Our main example is in Hello World, which analyzes how the program invokes printf:
Take a look at the assembly code for the Hello World program generated by the GCC compilation (main function section):

08048374 <main>:  
 8048374:       8d 4c     0x4 (%ESP),%ecx  
                ...  
 8048385:       C7 6c    movl    $0x804846c, (%ESP)  
 804838c:       E8 2b ff        FF FF call 80482BC <puts@plt>  
 8048391: B8/xx/          mov     $0x0,%eax  

As you can see from the code above, the call to the printf function has been replaced with the puts function after compiling. The call instruction is called the puts function. But from the above code can be seen, it calls is puts@plt this label, what does it mean? Before further explaining the dynamic parsing process of symbols, you need to understand two concepts, one is global offset table and one is procedure linkage table.
Global Offset Table (GOT)
cannot generally contain absolute virtual addresses (such as shared libraries) in location-independent code. When a symbol in a shared library is referenced in a program, the compile link stage does not know the exact location of the symbol, and the address of the symbol is finalized only when the dynamic linker loads the required shared library into memory, that is, at run time. Therefore, a data structure is required to hold the absolute address of the symbol, which is what the Got table does, and the absolute address of each of the other symbols in the Got table is referenced in each of the saved programs. This allows the program to obtain the address of a symbol by referencing the got table.

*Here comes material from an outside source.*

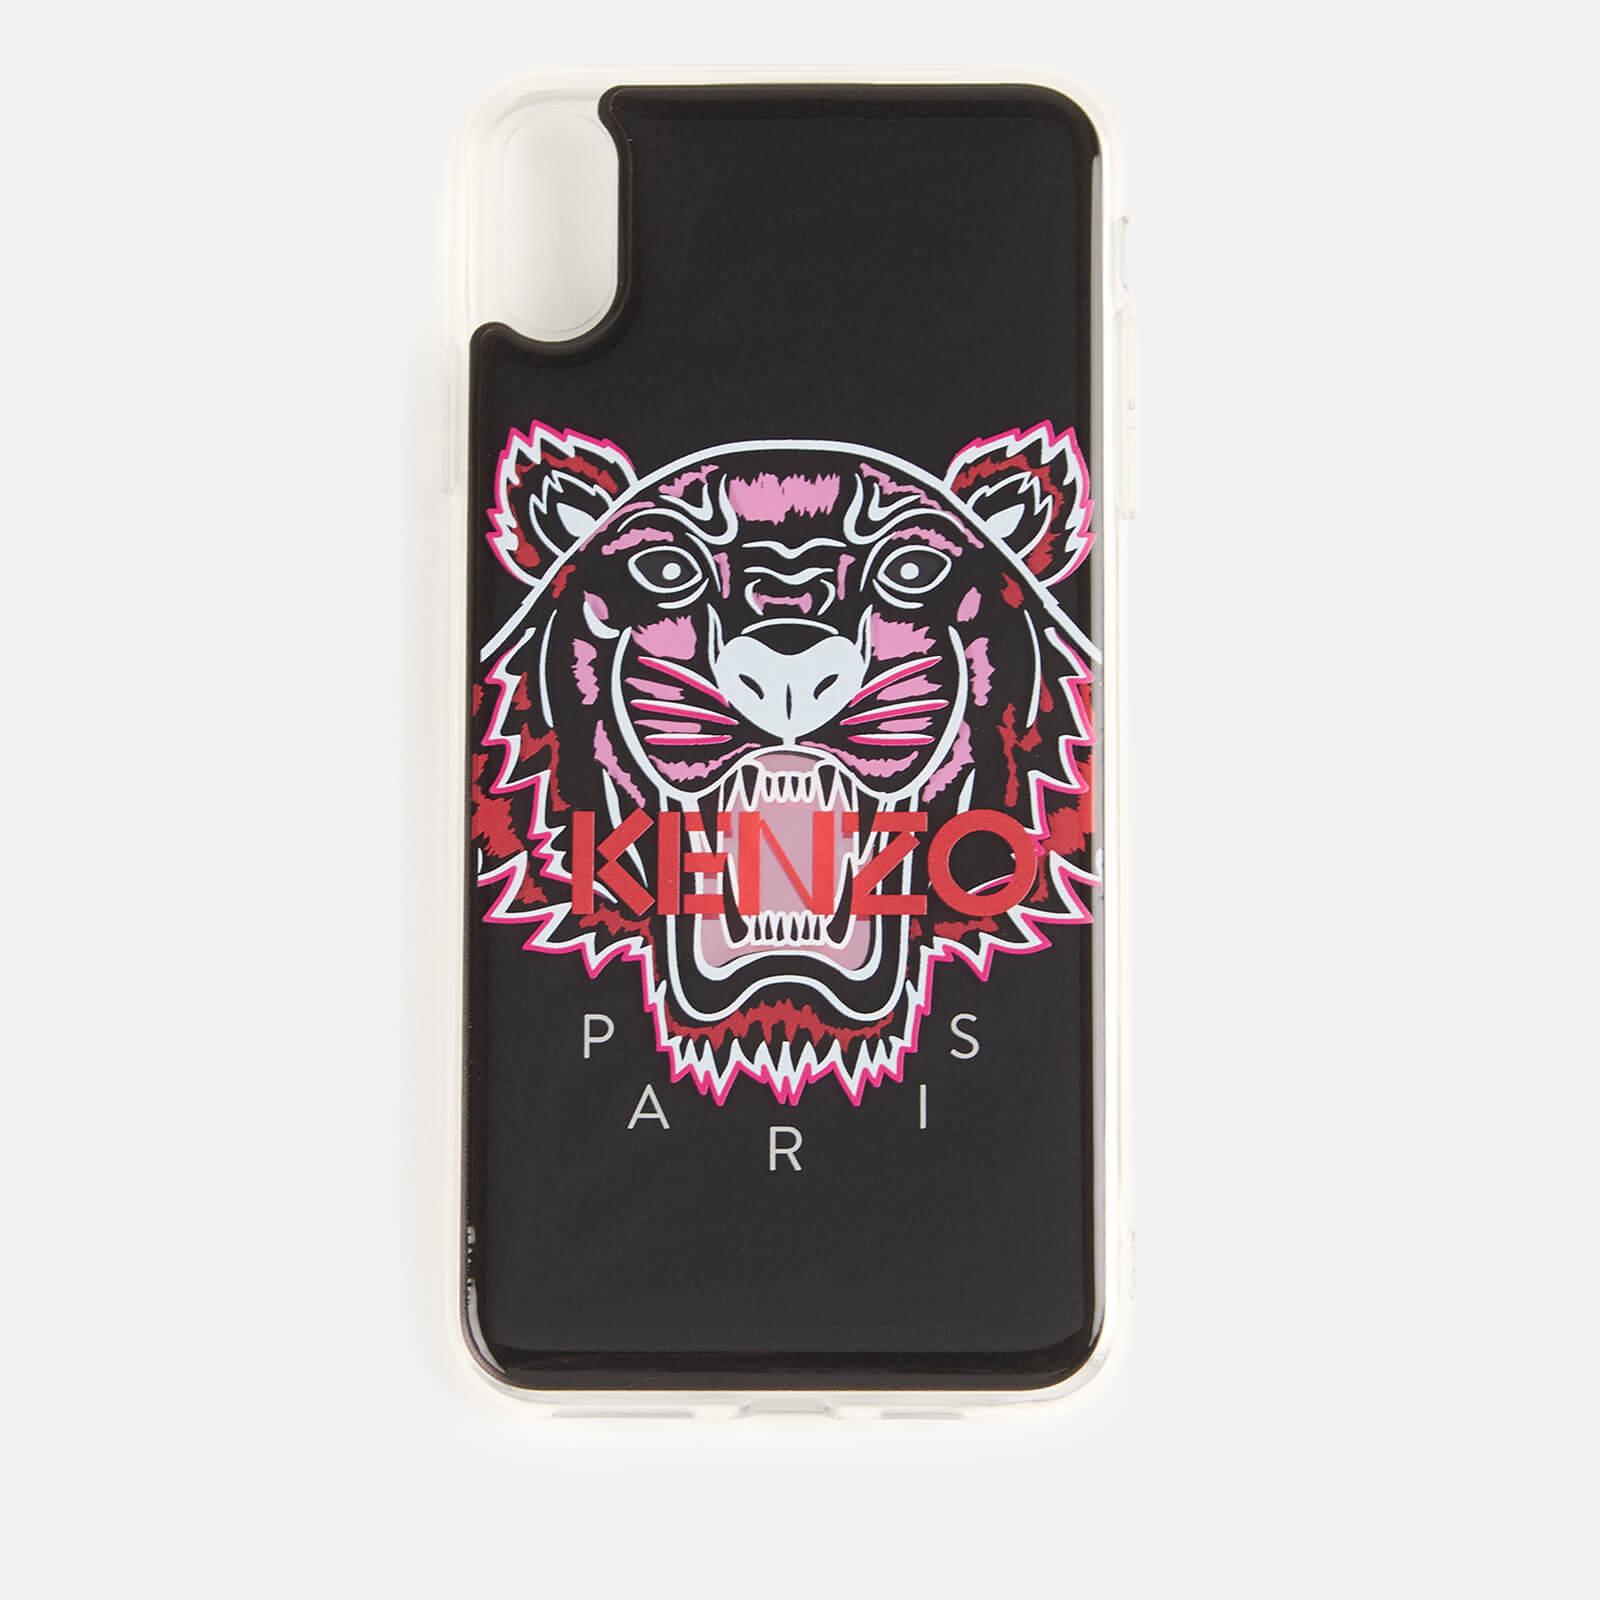 2b16c75c84 KENZO iPhone X Max Case - Black/Pink

in the x86 structure, the first three items of the got table are reserved for storing the special data structure address, and the other holds the absolute address of the symbol. For the dynamic parsing of symbols, all we need to know is the second and third items, i.e., got[1] and got[2]:got[1, which are saved as an address, pointing to the linked list address of the shared library that has been loaded (the shared library mentioned above will form a linked list); Got[2] Save is the address of a function, defined as follows: got[2] = &_dl_runtime_resolve, the main function of this function is to find the address of a symbol, and write it to the GOT item associated with this symbol, and then transfer the control to the target function, which we will analyze in detail later. The role of the
Procedure Linkage table (PLT)
Procedure linking tables (PLT) is to transfer positional-independent function calls to absolute addresses. When a link is compiled, the linker does not control execution from one executable file or shared file to another (as previously said, the address of the function is not deterministic at this time), so the linker transfers control to an item in the PLT. The PLT transfers control to the actual function by referencing the absolute address of the function in the Got table.
in the actual executable program or shared destination file, the Got table is in the section named. Got.plt, and the PLT table is in the section named. Plt.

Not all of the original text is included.